Many who have been hurt by sociopaths develop a general distrust of others. This distrust is understandable given how difficult it often is to tell if another person is a sociopath. However, going through life with distrust is not a pleasant way to live. Victims naturally then want to know in detail what sociopaths are about so they can identify the untrustables, and go back to trusting everyone else.
One of the purposes of this website is to describe sociopaths and teach people to identify them. Sociopaths are pathological liars who like to talk as experts on many topics. They manipulate others and generally have a high opinion of themselves. They also lack remorse for their actions and don’t seem to care about the pain they cause others. In fact they seem to enjoy inflicting all types pain (harm) on others.
The enjoyment of hurting another person is called sadism. Sadism usually refers to enjoying another’s physical pain. However, sociopaths enjoy inflicting all manner of pain on others including financial, emotional, psychological and social.
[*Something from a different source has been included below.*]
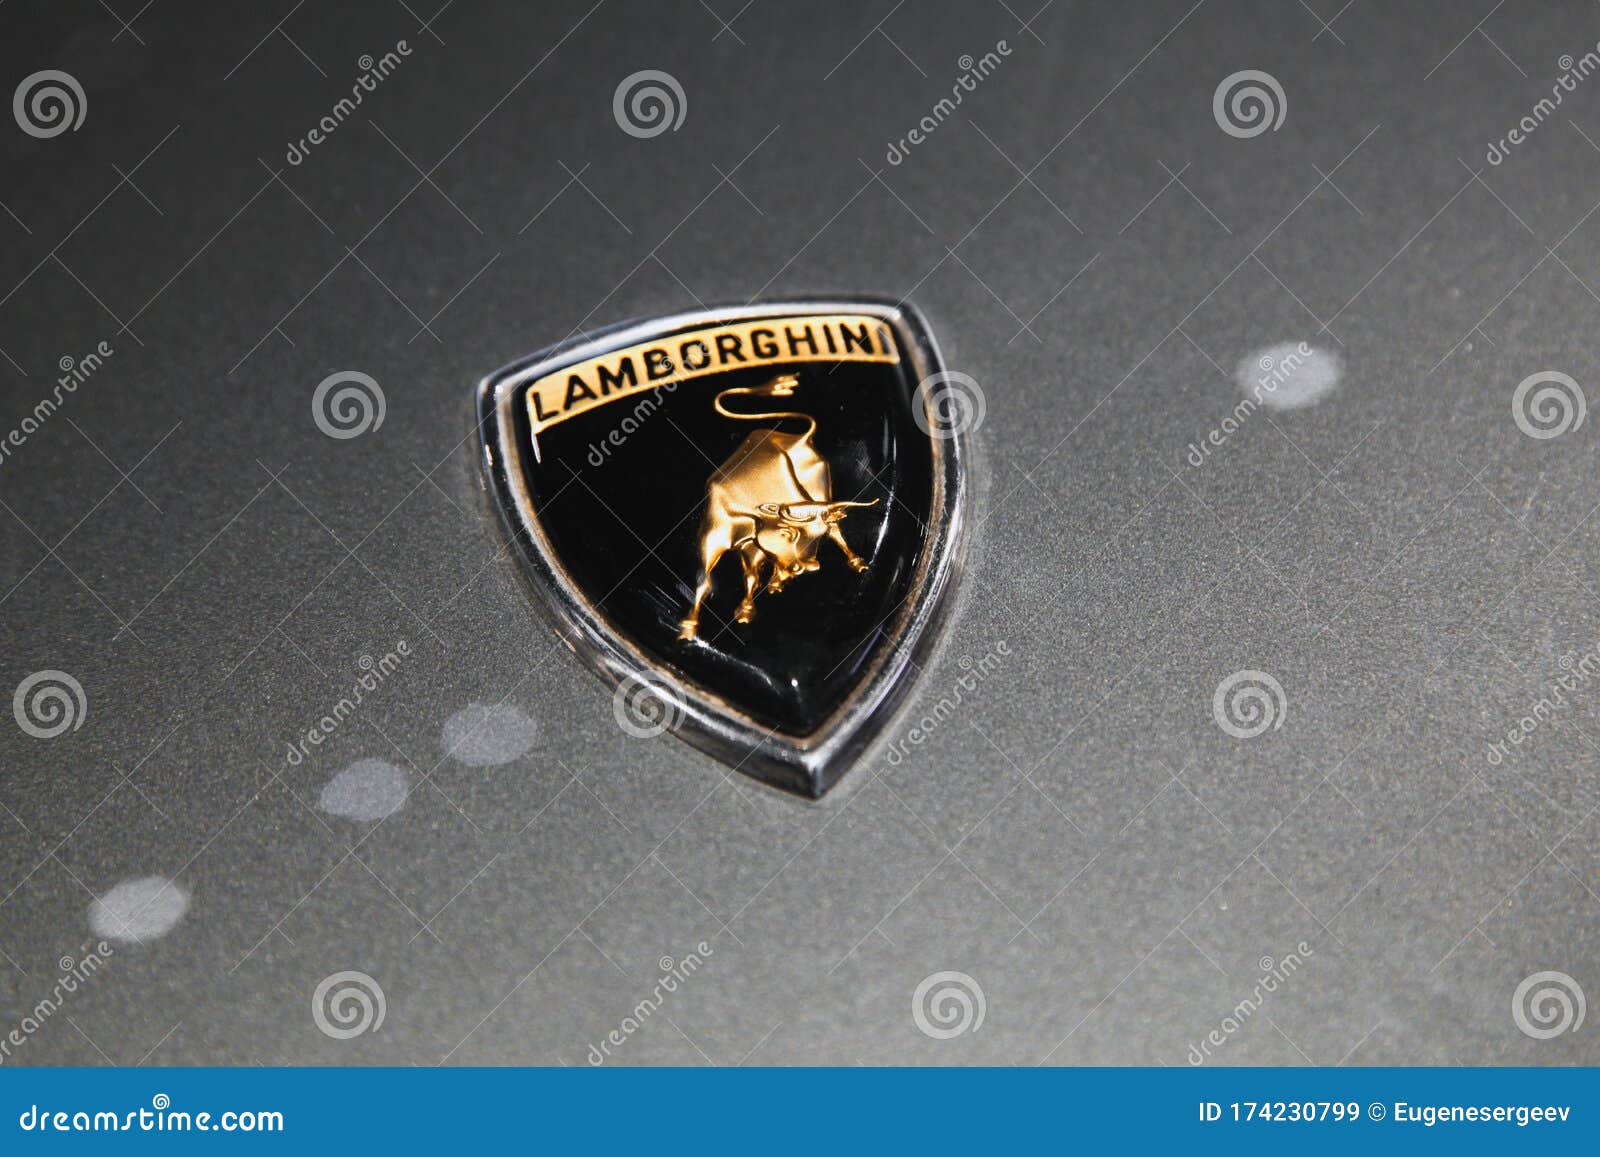 Il Simbolo Del Lamborghini è Su Un Primo Piano Della Pac Dell'auto Immagine  Stock Editoriale - Immagine di trasporto, illustrativo: 174230799

To sum it up sociopaths are in the business of reducing people to nothing and then taking glory in their accomplishment.
I have just described the most important “traits” of sociopaths. Many of you are saying, “Yes right on, that described mine exactly.” But are you satisfied?
You probably do not feel satisfied because you are left with wondering why. Why would someone do that? If you discover the answer to the “why question” you can go back to trusting everyone else again because you would understand the sick motives of sociopaths.
Normal people don’t enjoy watching other people suffer do they?
Here is where some get stuck, because many people secretly and not so secretly hope they live long enough to see the sociopath finally suffer. Well, if you can enjoy another’s suffering what makes you different from the sociopath?
If we examine the reasons why we would take pleasure in a sociopath’s suffering, we see there are two basic reasons. One is revenge and the other is our ability to consider the sociopath as “inhuman.” If a sociopath is not really human, then it is OK to enjoy that private moment of our imagined revenge.
There are therefore two basic routes to sadism. The first is through the power motive. Revenge is about reasserting power over someone who has robbed us of power. The power motive is also called the social dominance drive.
I am grateful to Caesar Milan the dog whisperer, for educating the public about dominance. We all know that a dominant dog has no problem inflicting pain on underlings to assert his dominance.
The second route to sadism is called “compartmentalization” by psychologists. A person who compartmentalizes has a motive (drive) to inflict pain on someone and so rationalizes it by saying that the other person is inhuman or “deserves it.”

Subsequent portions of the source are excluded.